At the moment, the header consists of a 64-bit (8 byte) size value. In 64 bits we can store any possible integer value in size from 0 up to 2^64. In reality we will not be using that many possible values, because we only allow sizes which are a multiple of 8.

This means that the smallest 3 bits (2^3 = 8) will effectively be unused, and could be used to store a flag indicating whether the block is free or in use. As a result, the 64 bits in the header are used as follows:

Bit 0: Whether the block is free or in use.
Bit 1 & 2: Unused.
Bit 3 to 63: The size of the block.

Header layout — Layout of the header - not to scale.

To separate those two pieces of data when we inspect the header, we can use the andq Assembly instruction which performs a logical AND operation and acts as a mask.

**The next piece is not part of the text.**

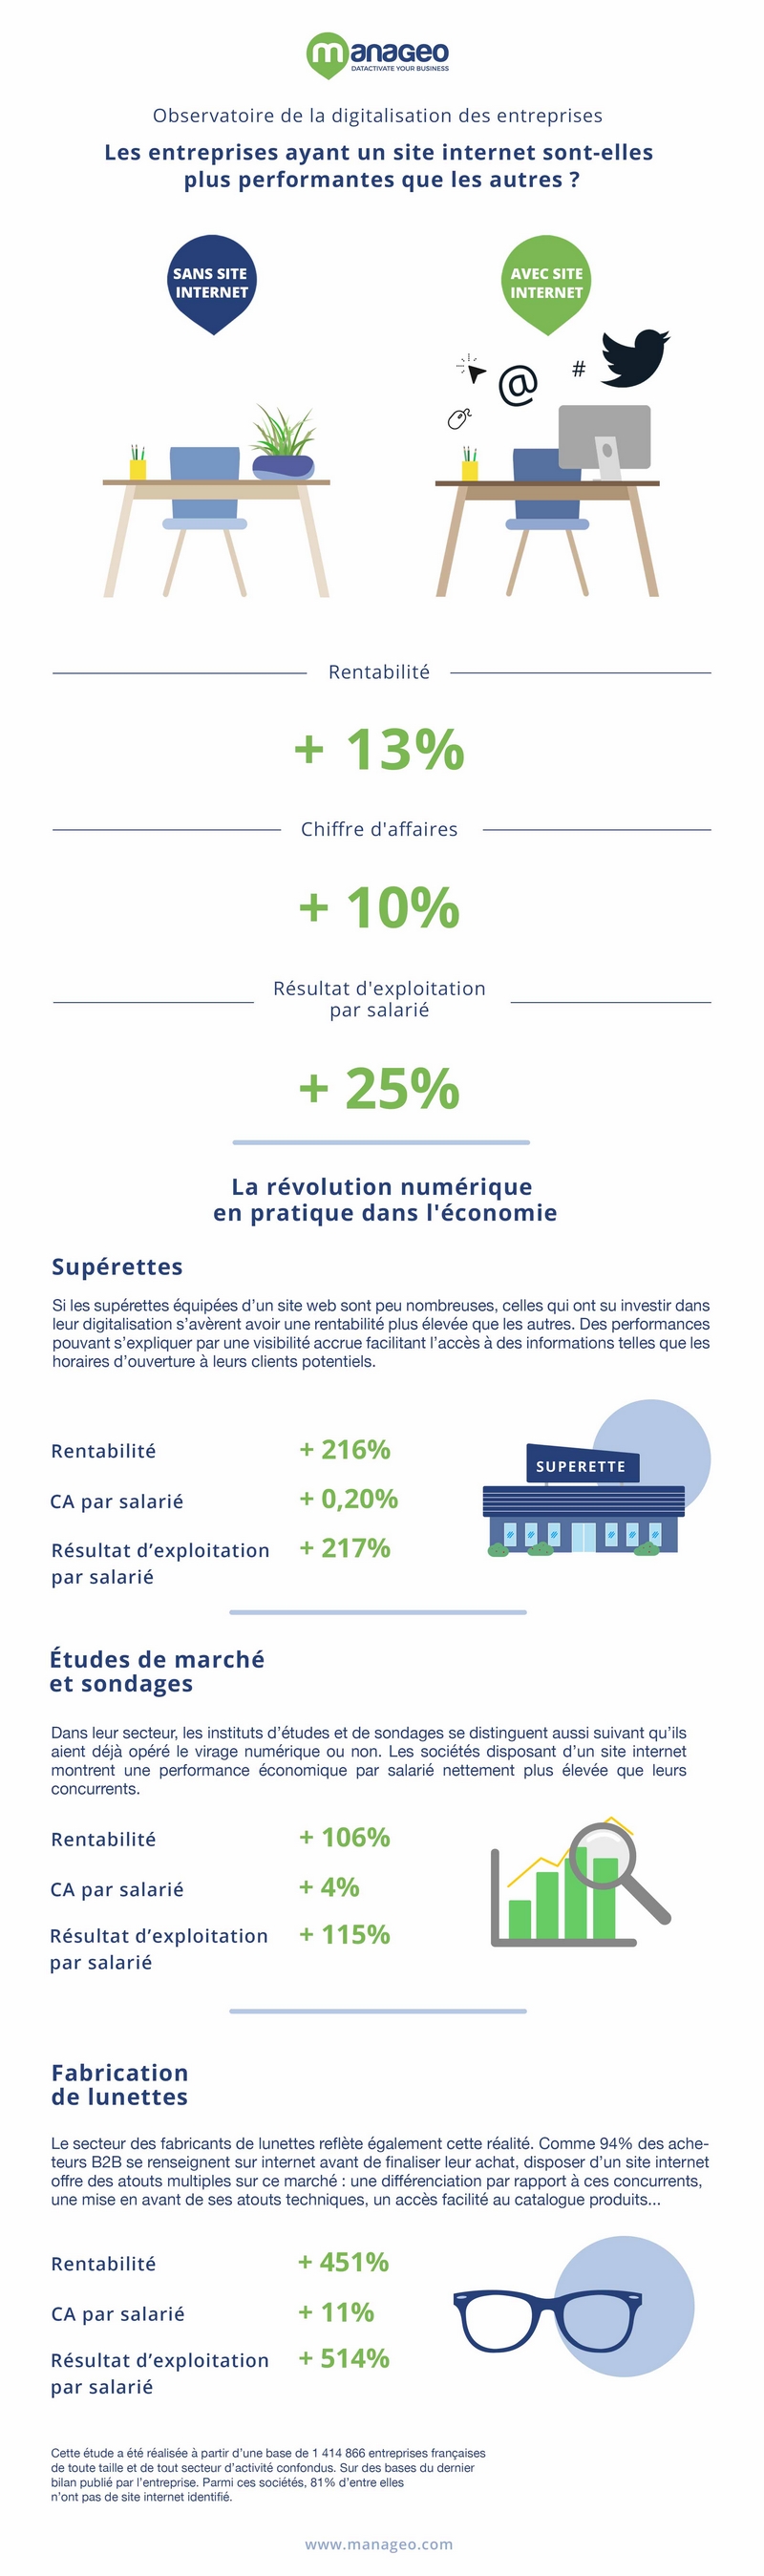 Observatoire de la digitalisation des entreprises françaises (Manageo)

# Reads the size of the block of memory, based on the header.
# Param %rdi: The value stored in the header.
# Return %rax: Whether the block is allocated.
readSizeFromFooter:
  enter $0, $0
  movq %rdi, %rax
  # Mask everything except the bottom 3 bits
  andq $0xfffffffffffffff8,%rax
  leave
  ret

# Reads whether the block of memory is allocated.
# Param %rdi: The value stored in the header.
# Return %rax: The size of the block.
readAllocatedFromHeader:
  enter $0, $0
  movq %rdi, %rax
  # The smallest bit has the allocated flag
  andq $0x1, %rax
  leave
  ret

4: Expanding the Heap

We now have everything we need to walk through the heap and find a block which can fit an allocation, but there's an extra scenario to consider: What happens if we walk all the way through the heap, inspecting each block, but cannot find one which is both free and can fit the allocation? The only solution in this case is to expand the heap.

Fortunately this is not too tricky, all we need to do is:

Take the previous address for the end of the heap.
Increase it by at least the amount we want to allocate, to find the new desired end of the heap.
Send a request to the operating system, asking it to move the "program break" (using the BRK syscall described earlier).
Create a block in the newly allocated region (including the header).
Use that new block for the requested allocation.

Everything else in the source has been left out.